- First appearance: Transformers: Windblade
- Created by: Mairghread Scott
- Voiced by: Abby Trott, Kristy Wu, others

In-universe information
- Affiliation: Autobot

= Windblade =

Transformers character

Windblade is a character from the Transformers franchise. She was the result of a fan poll Hasbro held in 2013 and subsequently was featured in her own comic miniseries.

==History==
Windblade was created as the result of the fan poll held by Hasbro in 2013 in anticipation of the Transformers franchise's 30th anniversary in 2014. The poll allowed fans to choose her design, personality, and abilities. She transforms into a VTOL jet and is a powerful swordswoman. As a result of the poll, she featured in a four-issue comic miniseries written by Mairghread Scott, illustrated by Sarah Stone, and published by IDW Publishing. She also got a toy produced.

The comic miniseries was the first Transformers comic to feature both a female writer and a female illustrator. Scott stated that she wanted the story to emphasize Windblade's optimism and goal to improve Cybertron. Scott described Windblade as "a little bit more of a lone wolf" and more of an ambassador than a fighter.

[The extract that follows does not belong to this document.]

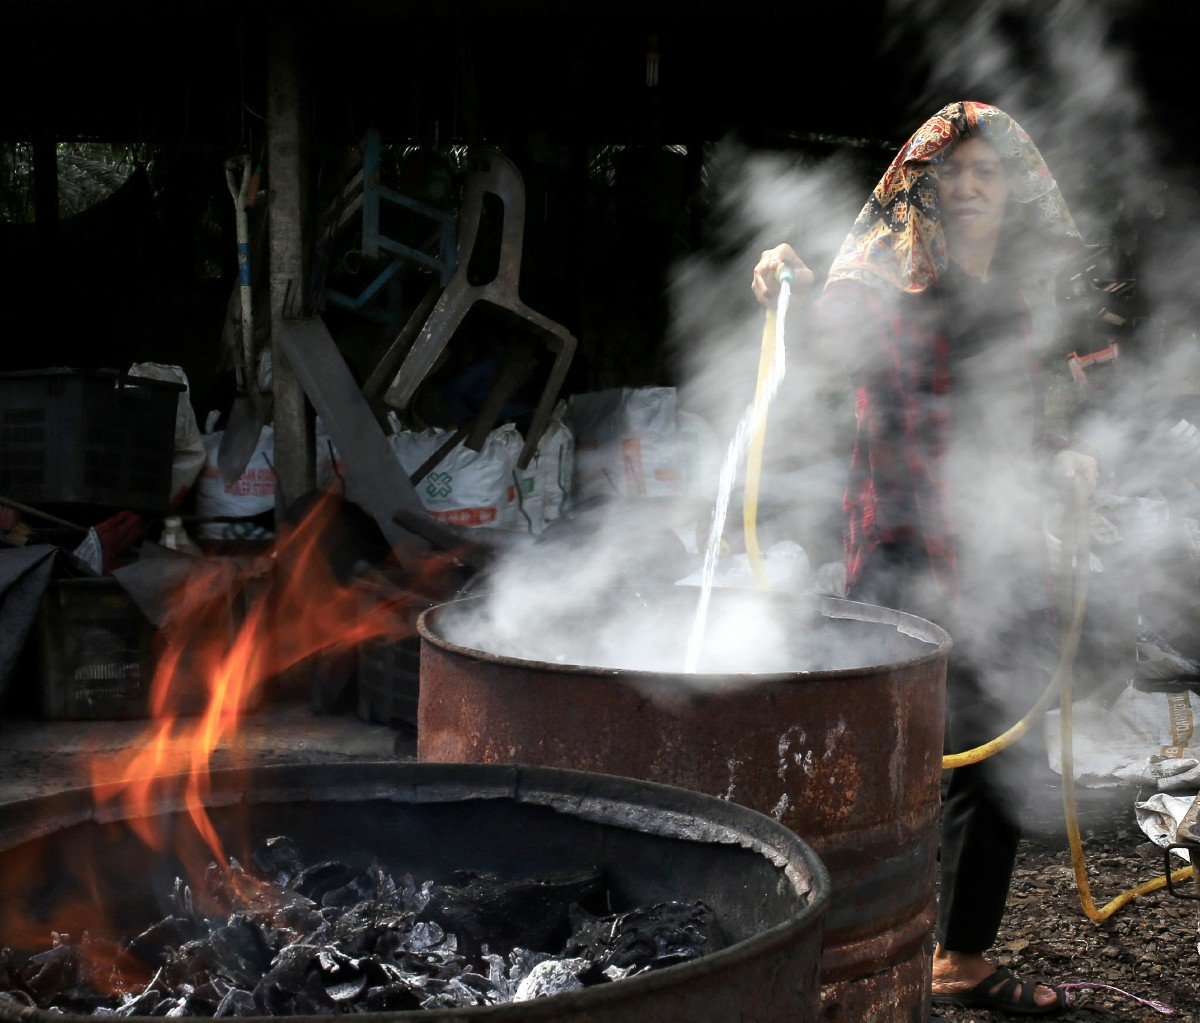 PROSES pemadaman api pada kelapa yang dibakar di dalam tong untuk dijadikan arang.

After her comic debut, Windblade made her television debut in a 2015 episode of Transformers: Robots in Disguise. In the show, she is voiced by Kristy Wu, who described the character as having "stoicism and honor". At the 2015 San Diego Comic-Con, Windblade appeared in a toy set alongside two other female Transformers, Arcee and Chromia, as a team of "Combiner Hunters". The set included an exclusive comic about the trio. Beginning in 2016, Windblade appeared in the Prime Wars Trilogy, in which she is voiced by Abby Trott. She also appears in Transformers: Cyberverse and is the best friend of Bumblebee in this show.

== Reception ==
Upon her reveal, the character saw some online backlash for being a female Transformer. Detractors argued that female Cybertronians should not exist because they are sexless robots, although there have been female Cybertronians in the franchise since the original cartoon. Sarah Carroll, the senior brand manager for Hasbro, stated that "Our female fans have demanded to be part of the story. To have them be represented as well is something that's only natural."